What you have to do » Reproduce exactly, and solely, the lines running from the top of the data below through the line with "Rabbit Embroidery Starter", both inclusive. Omit pictures.

....................

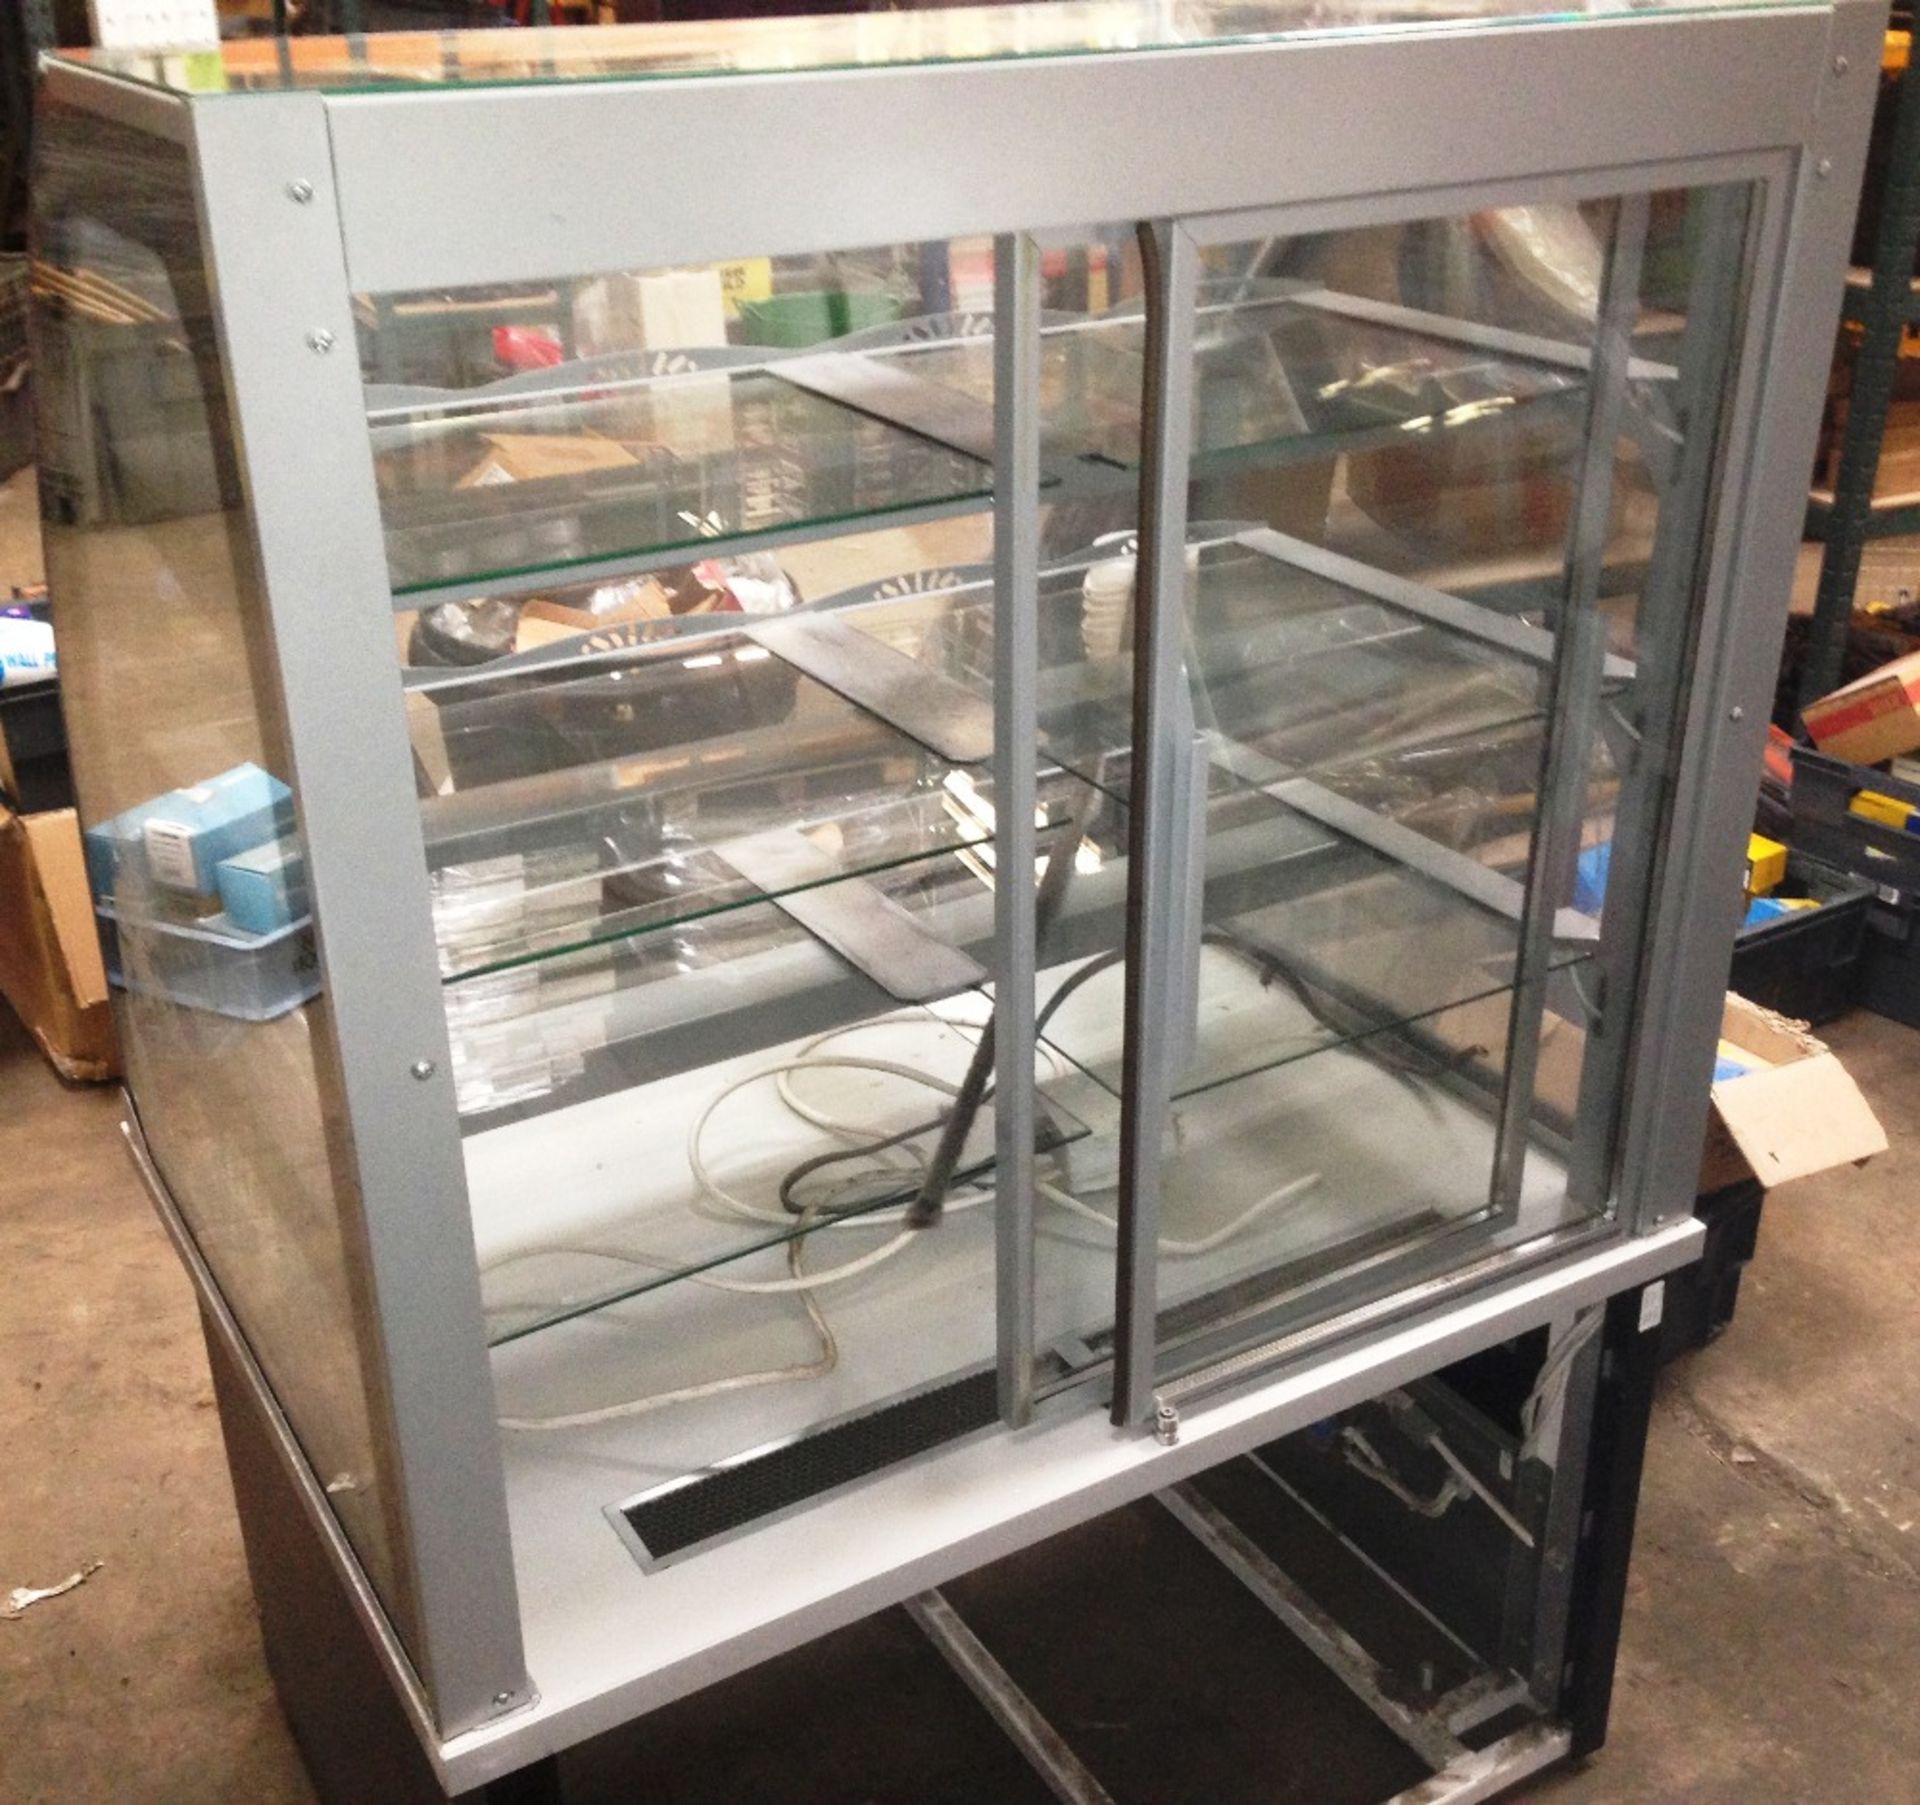 Nuttall 94cm Refrigerated serve over display counter - internal glass shelves and light - Image 2 of 3
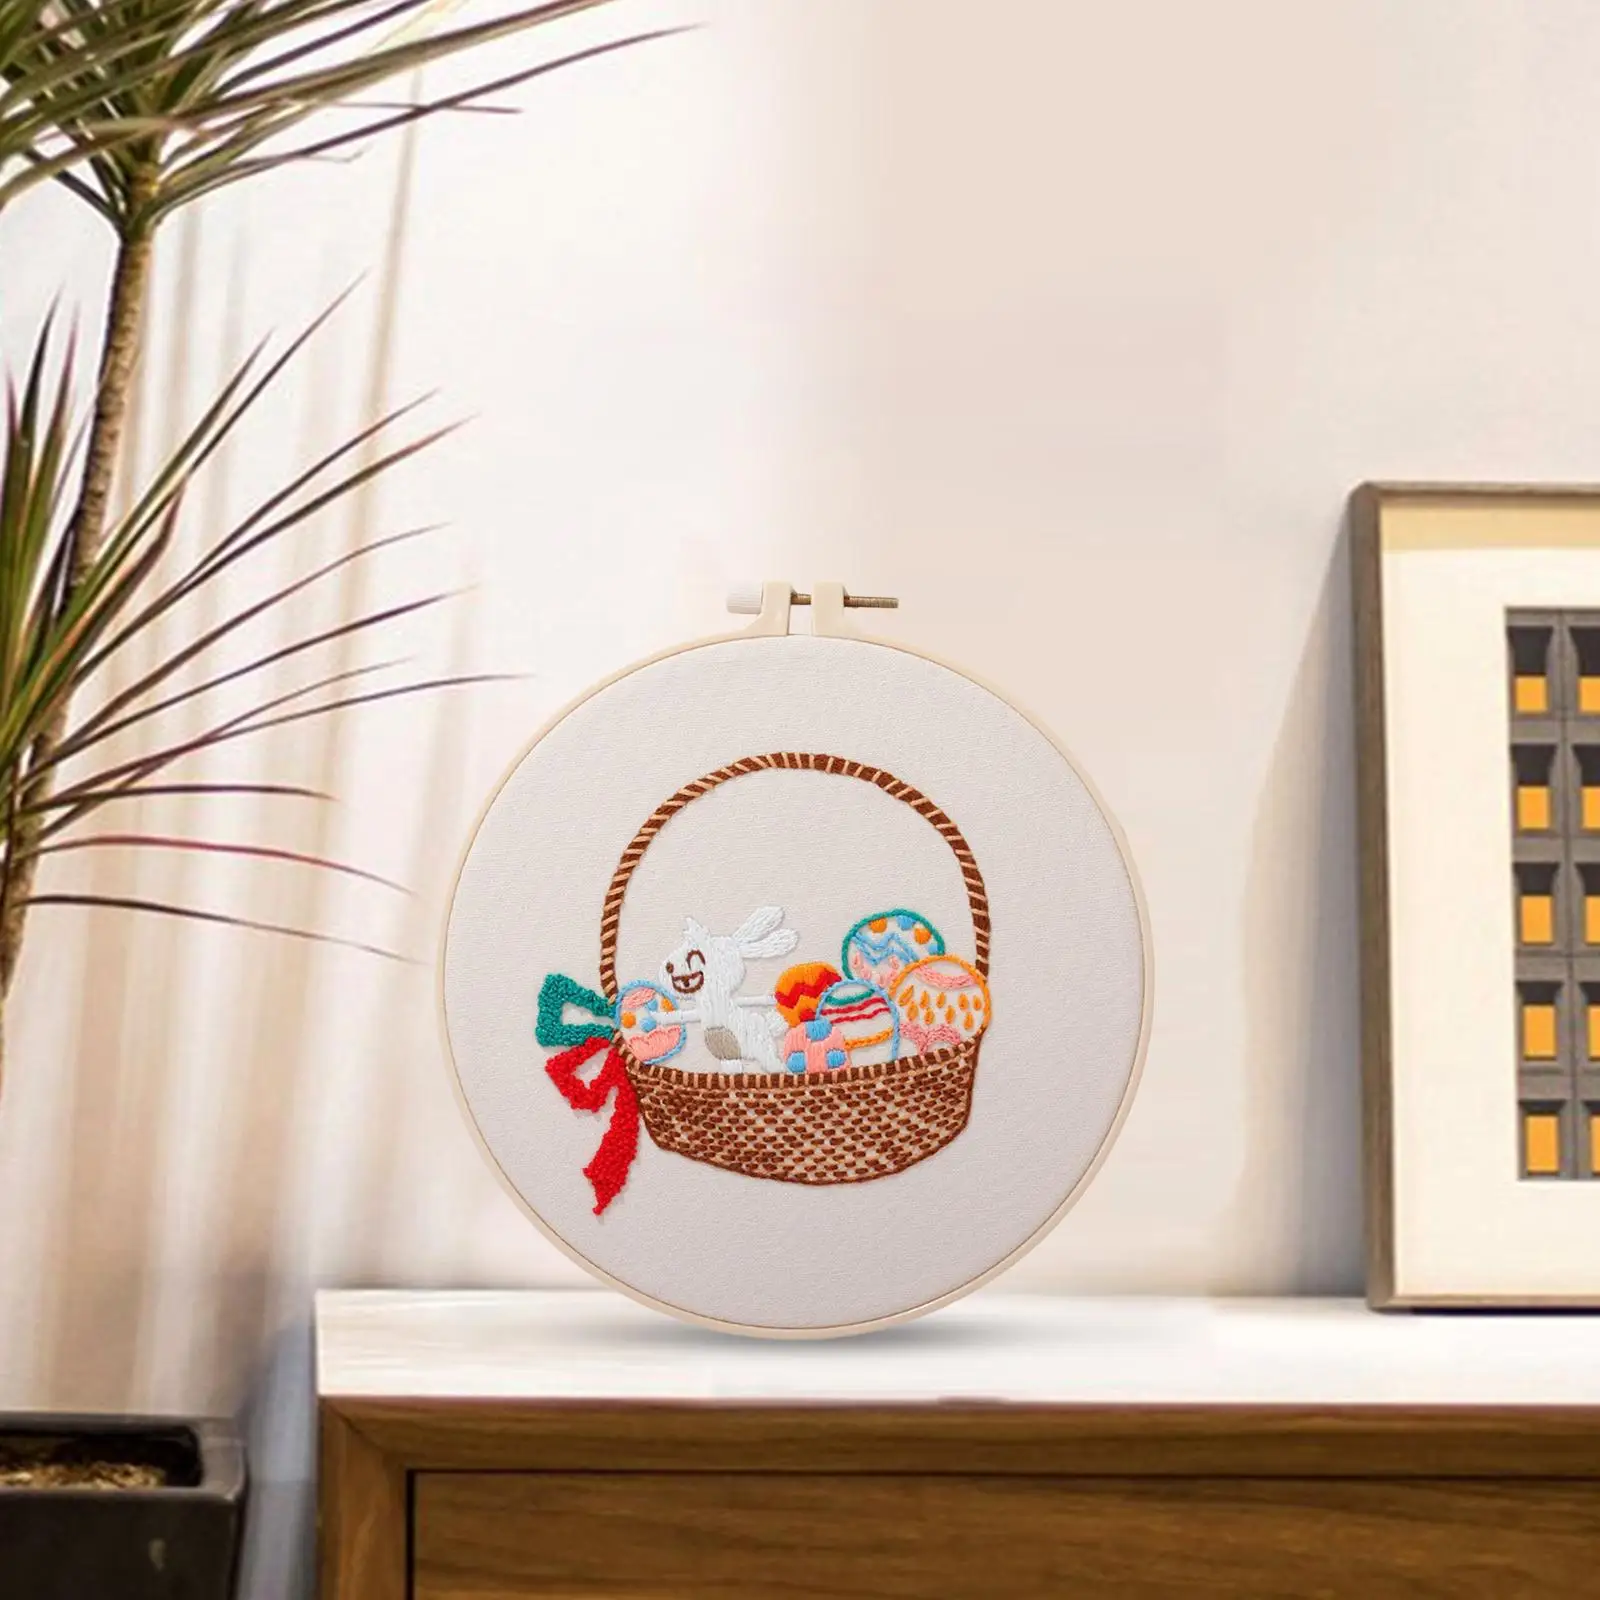 Rabbit Embroidery Starter Kit with Embroidery Hoop Easter Sewing for Beginners Cross Stitch Needlework Home Decor Accessories
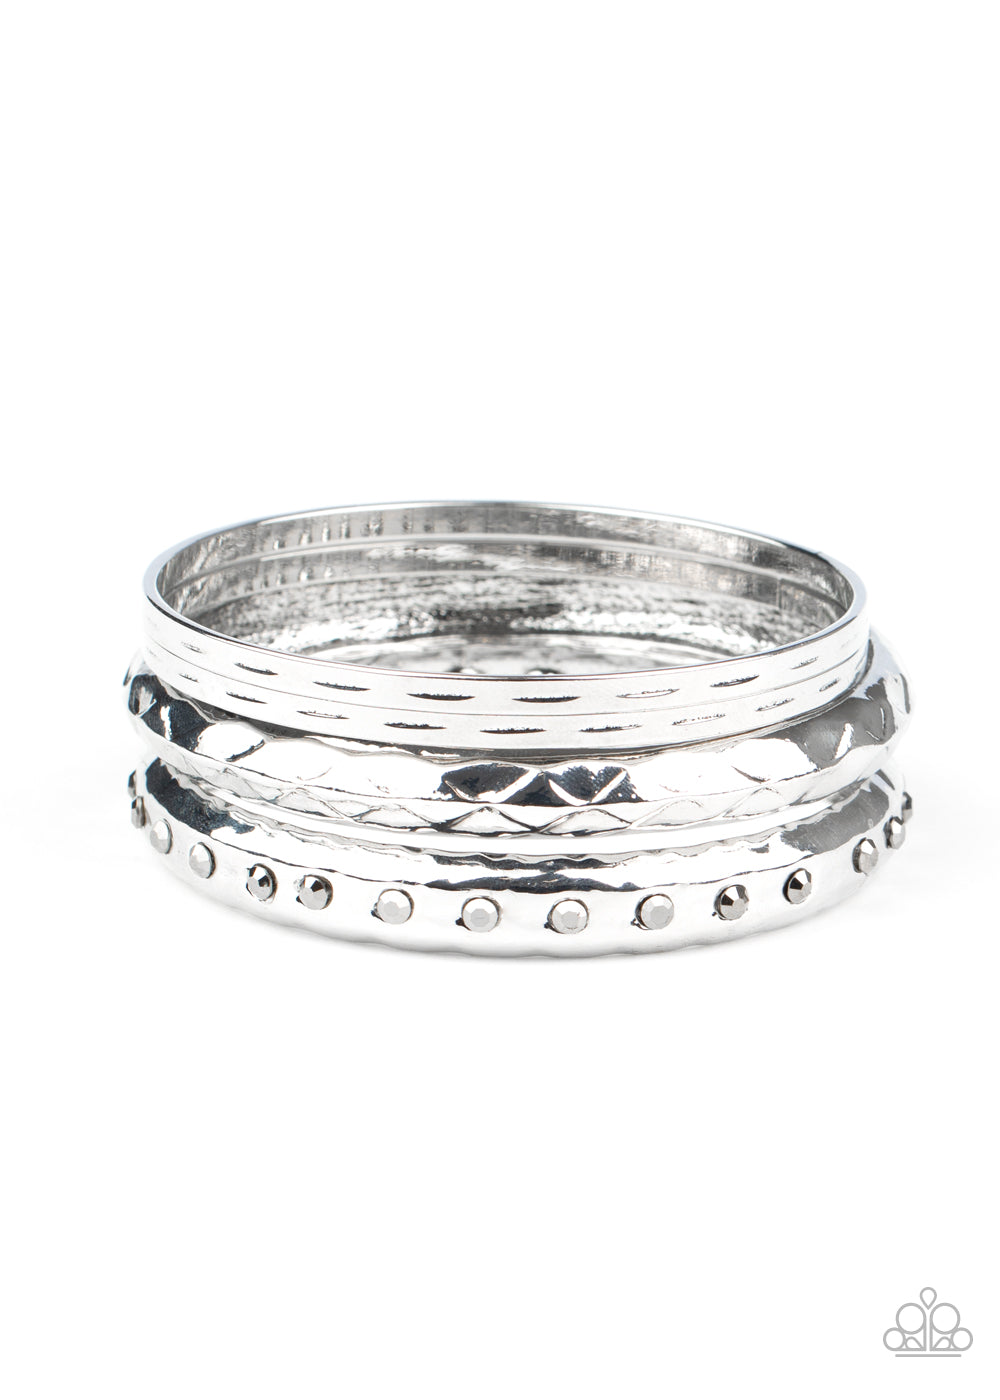 &lt;P&gt;A stack of silver bangles is hammered in texture, creating light-catching edges that reflect an immense amount of shine. One bangle is lined with smoky hematite rhinestones, adding a hint of twinkle. &lt;/P&gt;

&lt;P&gt;&lt;I&gt; Sold as one set of four bracelets.&lt;/I&gt;&lt;/p&gt;

&lt;img src=\&quot;https://d9b54x484lq62.cloudfront.net/paparazzi/shopping/images/517_tag150x115_1.png\&quot; alt=\&quot;New Kit\&quot; align=\&quot;middle\&quot; height=\&quot;50\&quot; width=\&quot;50\&quot;/&gt;

....................

Your solution »
 Nuttall 94cm Refrigerated serve over display counter - internal glass shelves and light - Image 2 of 3
 Rabbit Embroidery Starter Kit with Embroidery Hoop Easter Sewing for Beginners Cross Stitch Needlework Home Decor Accessories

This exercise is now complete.